From: Pat Hayes <phayes@ihmc.us>
Date: Fri, 27 Jun 2008 11:31:13 -0500
Message-Id: <p06230901c48ac2e52427@[]>
To: "[ontolog-forum] " <ontolog-forum@ontolog.cim3.net>
Cc: "[ontolog-forum]" <ontolog-forum@ontolog.cim3.net>, "John F. Sowa" <sowa@bestweb.net>, welty@watson.ibm.com, semantic_web@googlegroups.com, "public-semweb-lifesci hcls" <public-semweb-lifesci@w3.org>, semanticweb@yahoogroups.com, "Obrst, Leo J." <lobrst@mitre.org>, "Adrian Walker" <adriandwalker@gmail.com>
At 9:37 AM -0400 6/27/08, Adrian Walker wrote:
>Pat, John, Chimeze and all --
>Illuminating discussion.

FWIW, all my replies to three of the groups in your CC line get 
rejected, so somebody is only getting half the story :-)

>Two points:
>1. If you move to from SQL-like NAF reasoning, to full FOL with 
>closure statements at the meta level, you may also be moving from 
>low order polynomial computational complexity to exponential, or 
>even into the undecidable region.

Well, maybe, but I don't see how. The actual reasoning process would 
be very similar, its really only the semantics that changes. Thats 
assuming that you have the metadata to hand, of course: if you have 
to do arbitrary FO reasoning to extract the relevant metadata, then 
yes, that is theoretically undecideable.

I'm not all that worried about worst-case results like this, though. 
The worst-case for RDF is already NP-complete, but that doesn't seem 
to impact actual practice. Any useful general-purpose ontology 
language is going to be undecideable.

>  A succinct paper on this issue would be good to have.
>2.  Some of the worry about SQL-NAF possibly leading to wrong 
>conclusions appears to come from the assumption that the intended 
>real world meaning of things like p133(?X,?Y) is nowhere documented.

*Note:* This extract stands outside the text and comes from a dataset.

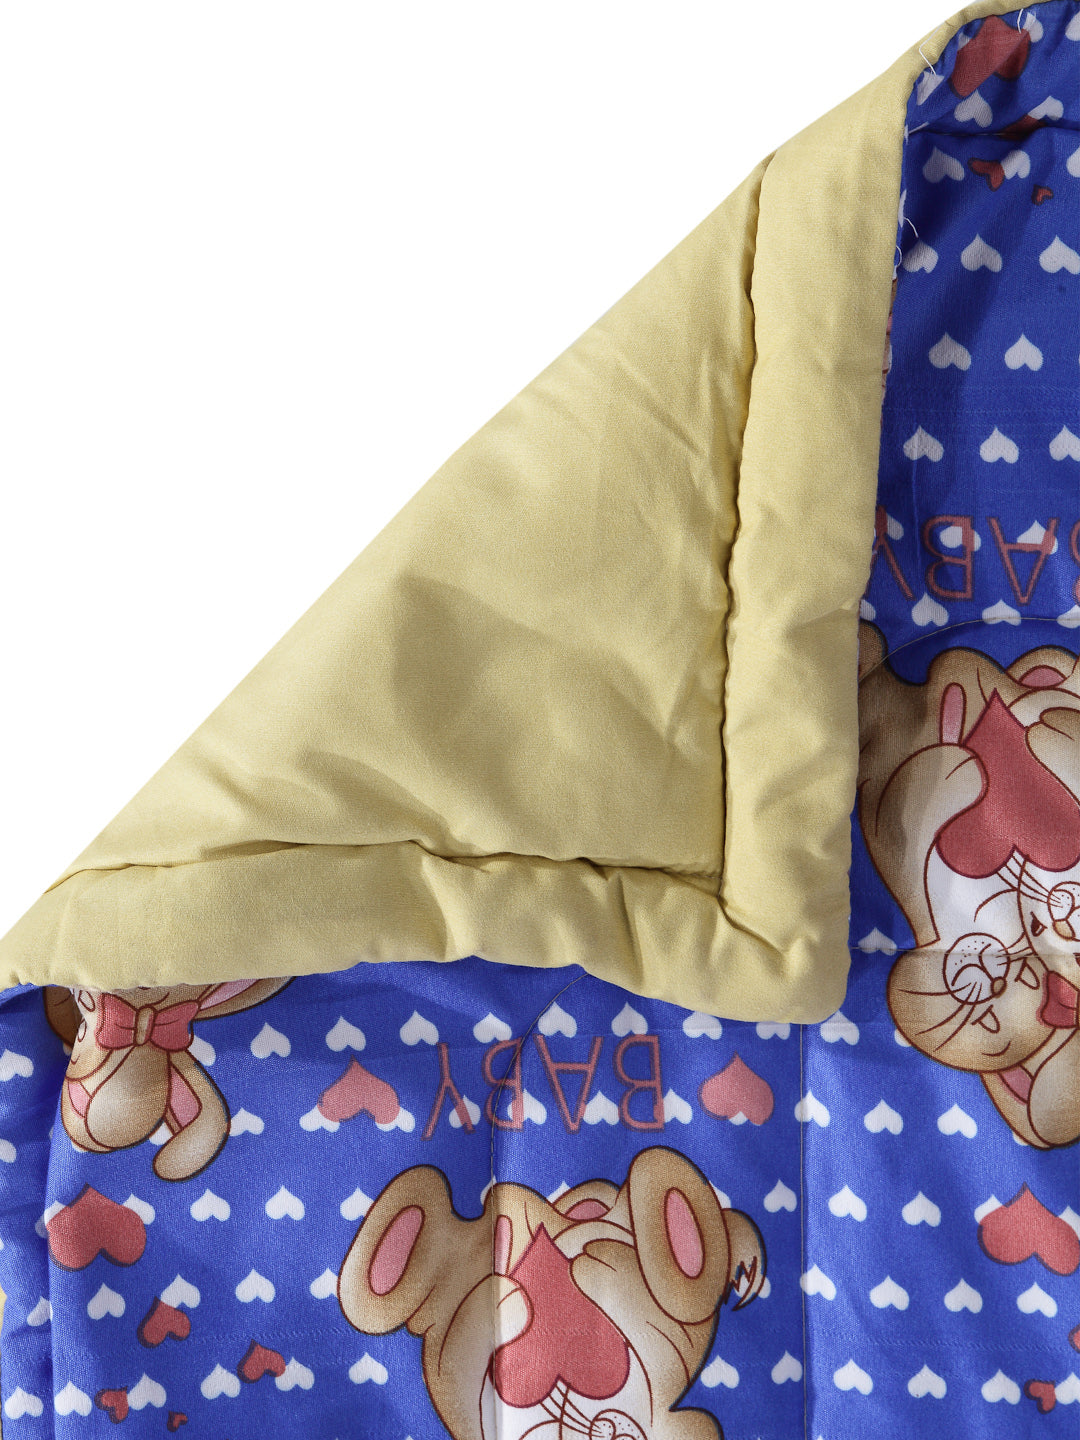 Arrabi Blue Cartoon Cotton Blend Double Size Comforter Bedding Set with 2 Pillow Cover (235 x 215 cm)

Being documented isnt the point: it has to be accessible to the 
actual reasoning.

>  However, if you attach English sentences to  predicates [1], and 
>hide the predicates themselves, then answers from your deductions 
>can be sentences like
>  "Assuming that we have all the relevant data, as of 20080627, Pat 
>does not work for IBM". 
>Then, there's no way for the English documentation to get separated 
>from the logic, because authors and users deal only with the 
>executable English.  English explanations can also help to document 
>how the answers are arrived at.

Sure, but how does the reasoning engine use those documentations?


>These two points may also be relevant for RDF [2].
>Thanks for your further thoughts.
>                                          -- Adrian
>[1]  Internet Business Logic
>A Wiki and SOA Endpoint for Executable Open Vocabulary English over 
>SQL and RDF
>Online at <http://www.reengineeringllc.com>www.reengineeringllc.com 
>Shared use is free
>Adrian Walker
>On Fri, Jun 27, 2008 at 1:34 AM, John F. Sowa 
><<mailto:sowa@bestweb.net>sowa@bestweb.net> wrote:
>I'd just like to summarize a few points, which reinforce the claim I
>made earlier:  There is an open-ended number of different variations of
>nonmonotonic logic, and it's impossible to adopt a one-size-fits-all
>solution for nonmonotonic logic.
>To paraphrase Tolstoy, every happy logic (i.e., classical) is happy
>in the same way, but every unhappy logic (nonmonotonic) is unhappy
>in its own way.
>The solution I recommend is to treat all nonmonotonic operators
>as metalevel predicates about some proposition or some proof.
>In IKL (or any other logic that supports metalevel statements),
>predicates such as is-provable(p), is-not-provable(p), is-default(p),
>has-fuzzy-value(p,x), or probability-of(p,x), are metalevel
>statements about some proposition p.
>If you assume a closed world (such as a database of all airline
>reservations or all employees), you can write metalevel axioms
>saying that anything not provable is false.  If you have an open
>world with incomplete information, you can write metalevel axioms
>that say what to do about such cases.  If you have a mixed DB
>with complete info about some things and incomplete info about
>other things, you can write axioms to say what to do in each case.
>Professional database administrators and authors who have studied
>the issue for a long time (such as Chris Date), know how to
>design and use DB systems in order to achieve predictable
>results.  Many casual users manage to avoid trouble by using
>a database as a convenient way of storing and accessing positive
>data, and they assume that the "not" operator is shorthand for
>"not found".
>In short, a logic with a classical semantics, such as CL or IKL,
>is an ideal foundation for defining the semantics of any and every
>version of nonmonotonic logic that has ever been invented.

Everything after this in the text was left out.